Our attendance was down today as well, but that was partially due to the snow and abnormally cold weather. I think it mostly has to do with people going out of town before school is back in session.


----------



## Edward (Dec 31, 2017)

No Sunday School or choir today, so a lot of folks shifted from 9:30 to 11. Historically, 9:30 is usually much larger than 11; that was clearly reversed today, with 11 about the same as a usual 9:30 and the 9:30 much lighter than the usual 11 crowd. So, overall attendance was down.

But, of course, the forecast earlier in the weekend was for an ice storm last night and parts of the Metroplex seemed to have been impacted, if Google Traffic is a good indication. And the sermon was by the second most junior assistant pastor. There is always a drop off from senior to associate and from associate to assistant. Attendance looked about as I expected.


----------



## TheOldCourse (Dec 31, 2017)

We were very light this morning as well. I assume it's due to travelling as I know a number of the missing members were out of town, but our church also cancelled our evening service tonight since the assumption is that people would rather enjoy the evening's festivities than attend to the worship of God. *Sigh*


----------



## SolaScriptura (Dec 31, 2017)

Our attendance was down about 25%! But that's ok... I knew it would be a smaller crowd, so I prepared a smaller sermon.

Reactions: Like 2 | Funny 3


----------



## Beezer (Dec 31, 2017)

Our service was noticeably light as well, but not as light as the church near us that canceled their service altogether! Unbelievable. 

Here's the reason they posted on FB:

_We will not be meeting for Sunday service today in order to give our volunteer team some well deserved time to relax and refresh! _​

Reactions: Sad 3


----------



## fredtgreco (Dec 31, 2017)

Interesting. We had our highest attendance since Easter. Part of that was a flood relief team in, and relatives in for a wedding, but we had very strong "regular" attendance.


----------



## Alan D. Strange (Dec 31, 2017)

I preached in a URCNA this morning (Community URC; Schererville, IN): good attendance as usual. The Dutch have a history, of course, of not less, but more, church this time of the year, with the historic practice (followed by few now) being services on Christmas Eve, Christmas Day, Old Year and New Year (in addition to the regular Lord's Day services). 

At any rate, the church was full.

Peace,
Alan

Reactions: Like 3


----------



## Herald (Dec 31, 2017)

Alan D. Strange said:


> I preached in a URCNA this morning (Community URC; Schererville, IN): good attendance as usual. The Dutch have a history, of course, of not less, but more, church this time of the year, with the historic practice (followed by few now) being services on Christmas Eve, Christmas Day, Old Year and New Year (in addition to the regular Lord's Day services).
> 
> At any rate, the church was full.
> 
> ...


Come on, Alan. They came to hear you! 

Seriously, it is good to know the church was full. Soli Deo Gloria!


----------



## Ryan&Amber2013 (Dec 31, 2017)

We had more than usual at our evening service. Dr. Morales was there as well. He is one of our elders but lives out of state.


----------



## Timmay (Dec 31, 2017)

Light today for us, which is odd because we’ve gone to one service for the holidays, which means the church is usually packed. 

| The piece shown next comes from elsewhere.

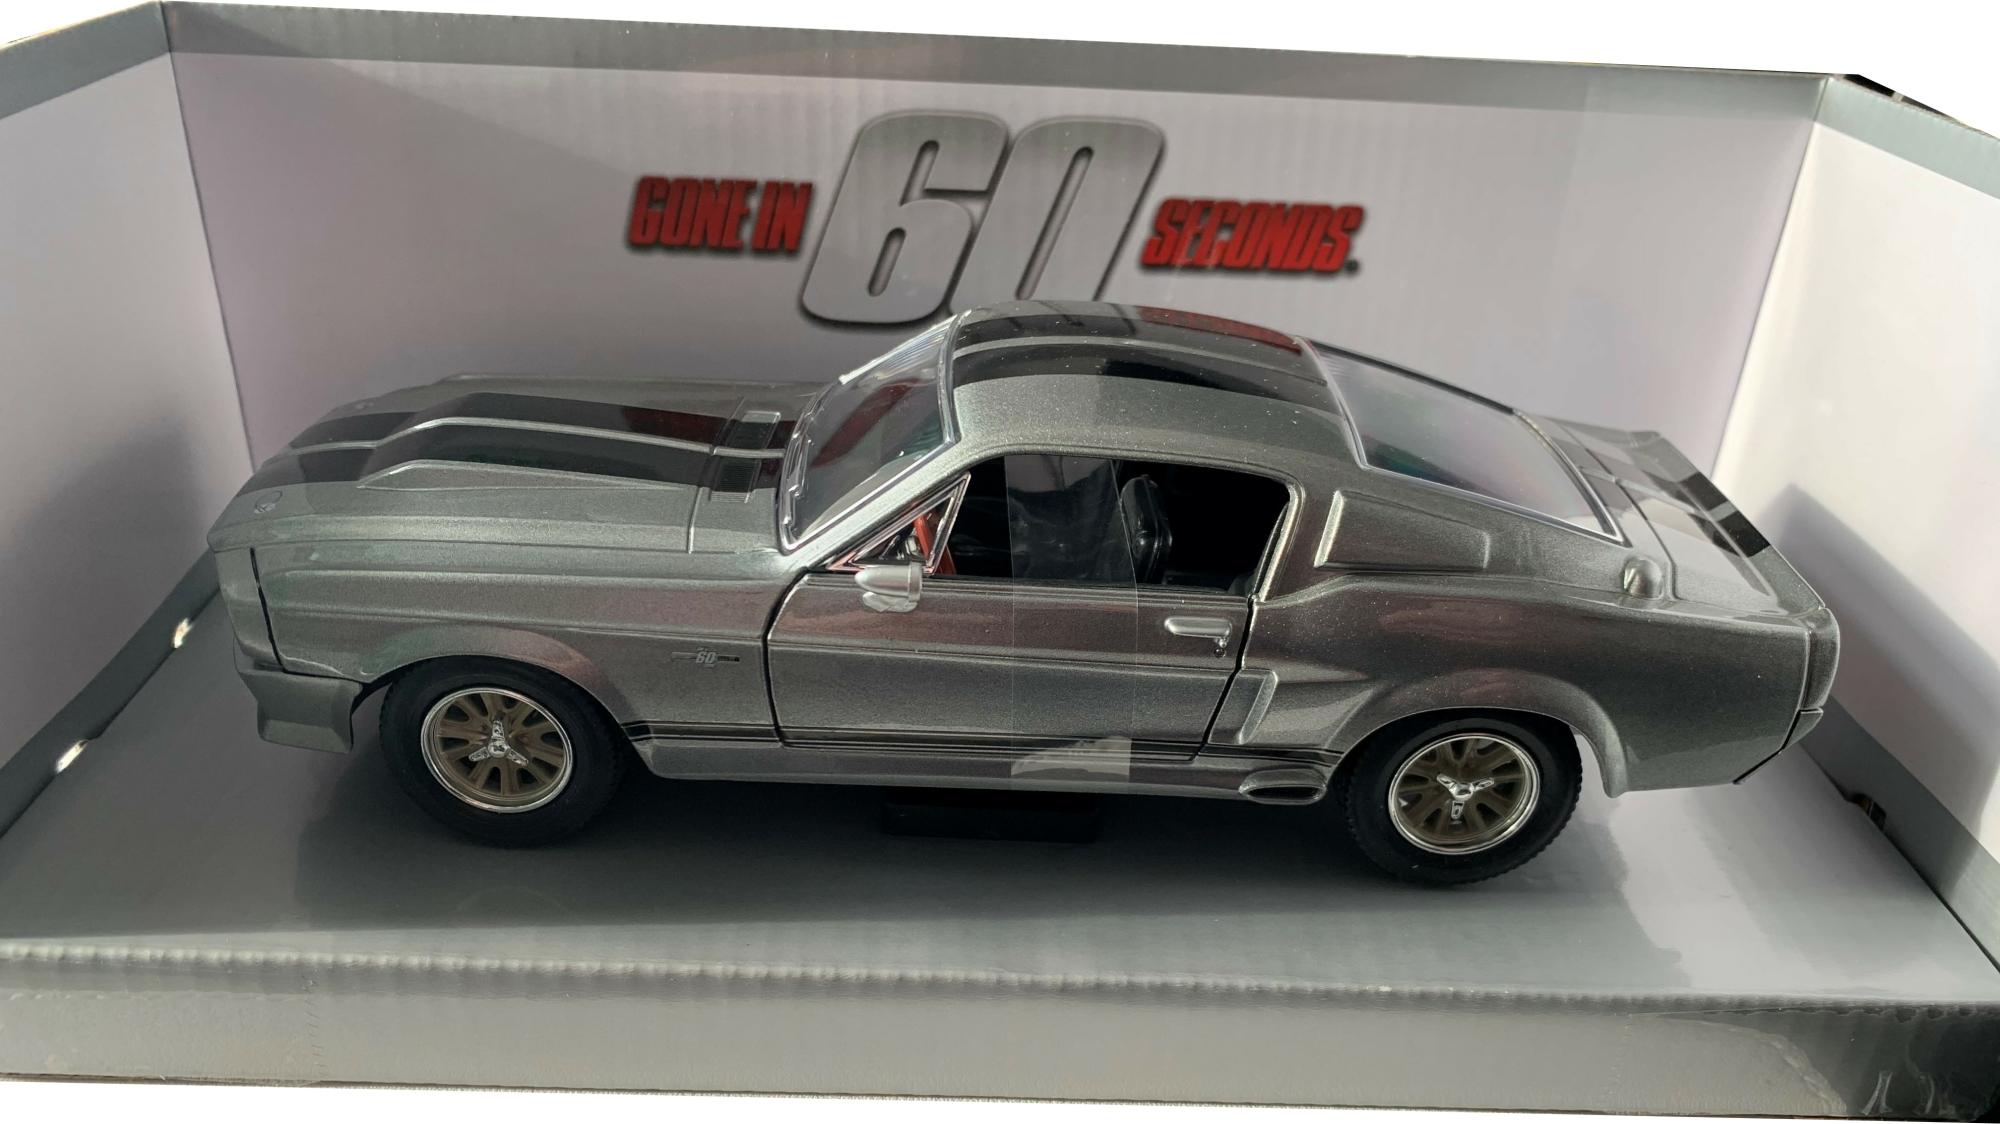 Ford Shelby/Mustang Eleanor 1967 from Gone in 60 Seconds 1:43 scale model from Greenlight Hollywood

Sent from my iPhone using Tapatalk


----------



## timfost (Dec 31, 2017)

We had usual attendance plus a few visitors.


----------



## Edm (Jan 1, 2018)

Light this week and last. I don’t have an explanation.


----------



## bookslover (Jan 1, 2018)

We were light this morning, as well. Traveling, sickness (in a couple of cases, serious), cold weather (well, cold for southern California), pastor on vacation.


----------



## Ben Zartman (Jan 1, 2018)

We were above average both AM and PM--saw some members from other churches that may have cancelled evening service visiting. Guess they didn't want to miss out on the last chance to worship in 2017!


----------



## Edm (Jan 1, 2018)

Not being sarcastic, but I’m betting that being able to pay tithes over the computer with a cc, has become an excuse to not show up on the last service of the year. With the changes In itemization on taxes in 2018, I’m betting tithes will decrease as well.


----------



## Jack K (Jan 1, 2018)

Our attendance looked to me to be pretty close to normal. We had both of our usual services and all our Sunday school classes meeting, and I think that helps. If you expect attendance to be low and announce you'll be on an abbreviated schedule because it's New Year's Eve, then people start to think maybe attending church is not really something to do on that day, and they don't come. It's self-fulfilling. The same goes for Christmas Eve last week.

Reactions: Like 1


----------



## Username4000 (Jan 2, 2018)

We baptized a child, so we had all the extra visitors. I didn't notice any members missing.


----------